The intestinal disease form of anthrax is characterized by an acute inflammation of the intestinal tract. Initial signs of nausea, loss of appetite, vomiting and fever, are followed by abdominal pain, vomiting of blood, and severe diarrhea. Intestinal anthrax results in death in 25 per cent to 60 per cent of cases.
According to medical specialists, direct person-to-person spread of anthrax is extremely unlikely to occur. Transmission is not considered a concern in treating or visiting patients with inhalation anthrax.
In order to be effective, treatment of anthrax should be initiated early with antibiotics prescribed by doctors.
"The antibiotics should be taken in cases of infected people," Kozhuharova said. "They should not be taken in advance by completely healthy people."
"The Ministry of Health is planning to supply advanced equipment, reagents and protective clothing to several laboratories for protection against a possible biological attack," Health Minister Bozhidar Finkov said before last Thursday's regular Cabinet meeting.

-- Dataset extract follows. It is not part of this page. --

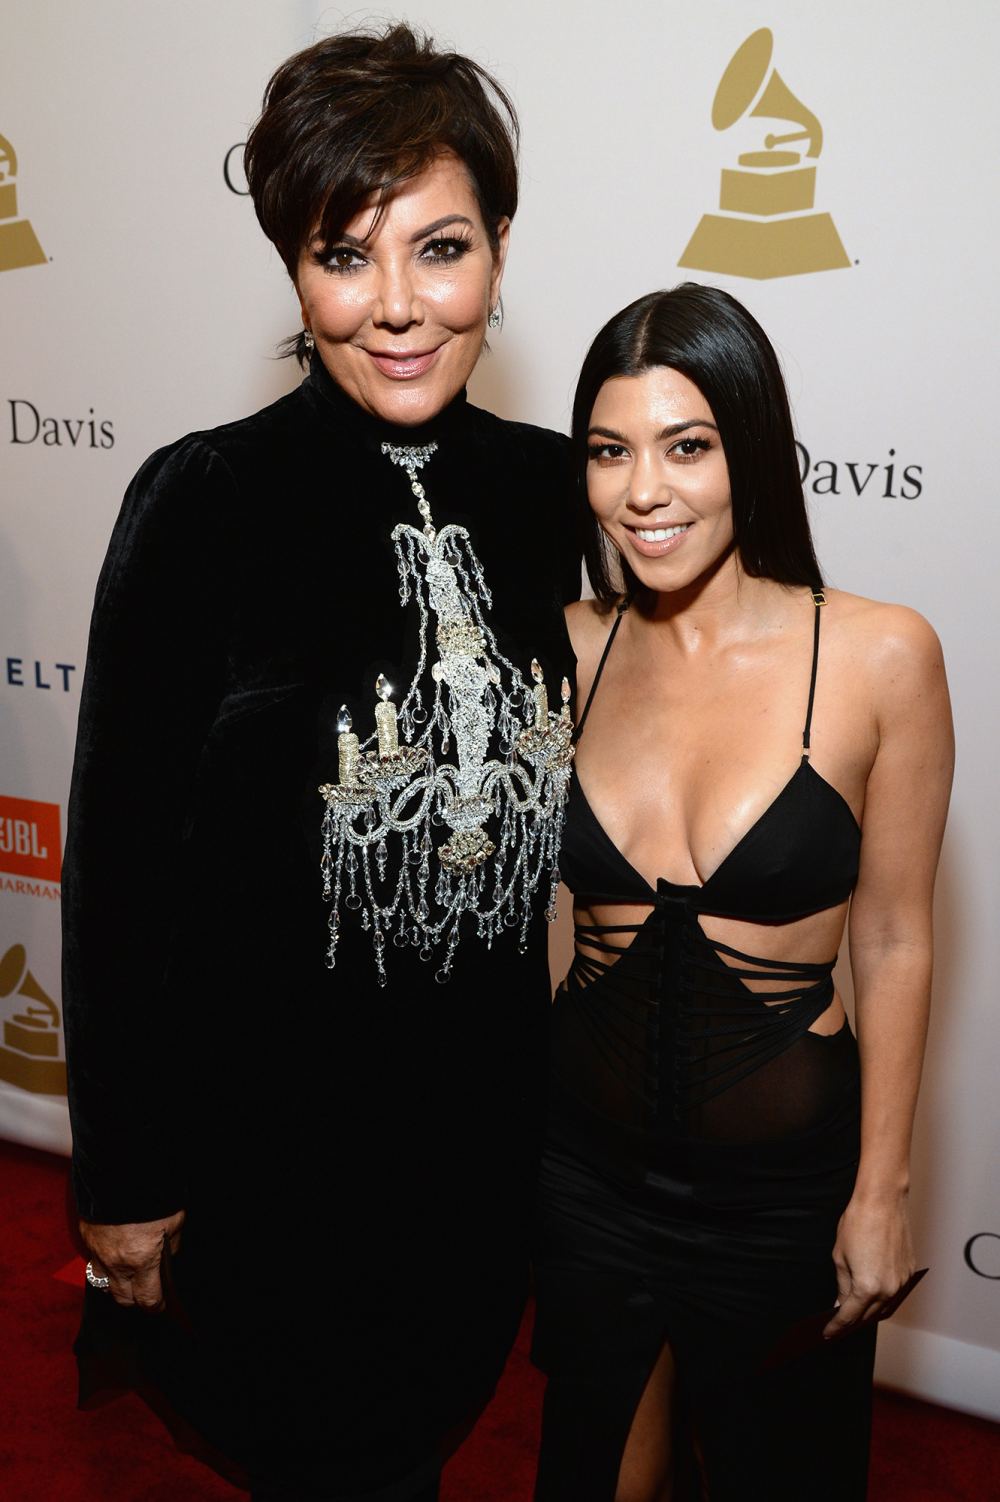 Kris Jenner and Kourtney Kardashian’s New Wax Figures Look Exactly Like Them

He said that no calculations have been made regarding the government expenses involved in the operation of the task groups handling anthrax hazard reports. "Such costs fall within the normal spending of the respective departments. The new equipment will cost between 120,000 and 140,000 leva," the minister pointed out. According to him, the Civil Protection agency, the Interior Ministry and the Defence Ministry will probably need equipment as well. Instructions on bioattack response are to be distributed in regional health care centres and hospitals.
Five anthrax cases have been registered in Bulgaria by the Ministry of Health since the beginning of the year, said Angel Kunchev, expert from the ministry in an interview for the Bulgarian National Radio last Tuesday. The cases found in Rousse, Dobrich and Sofia, were all cutaneous infections. "Anthrax is not a new or unfamiliar illness in our health system," Kunchev said. "The anthrax cases in Bulgaria are rather mild, without any grave complications and without any deaths."
In most cases the infections have come about as a result of professional activities - the processing of animals or their products, most of all meat and leather.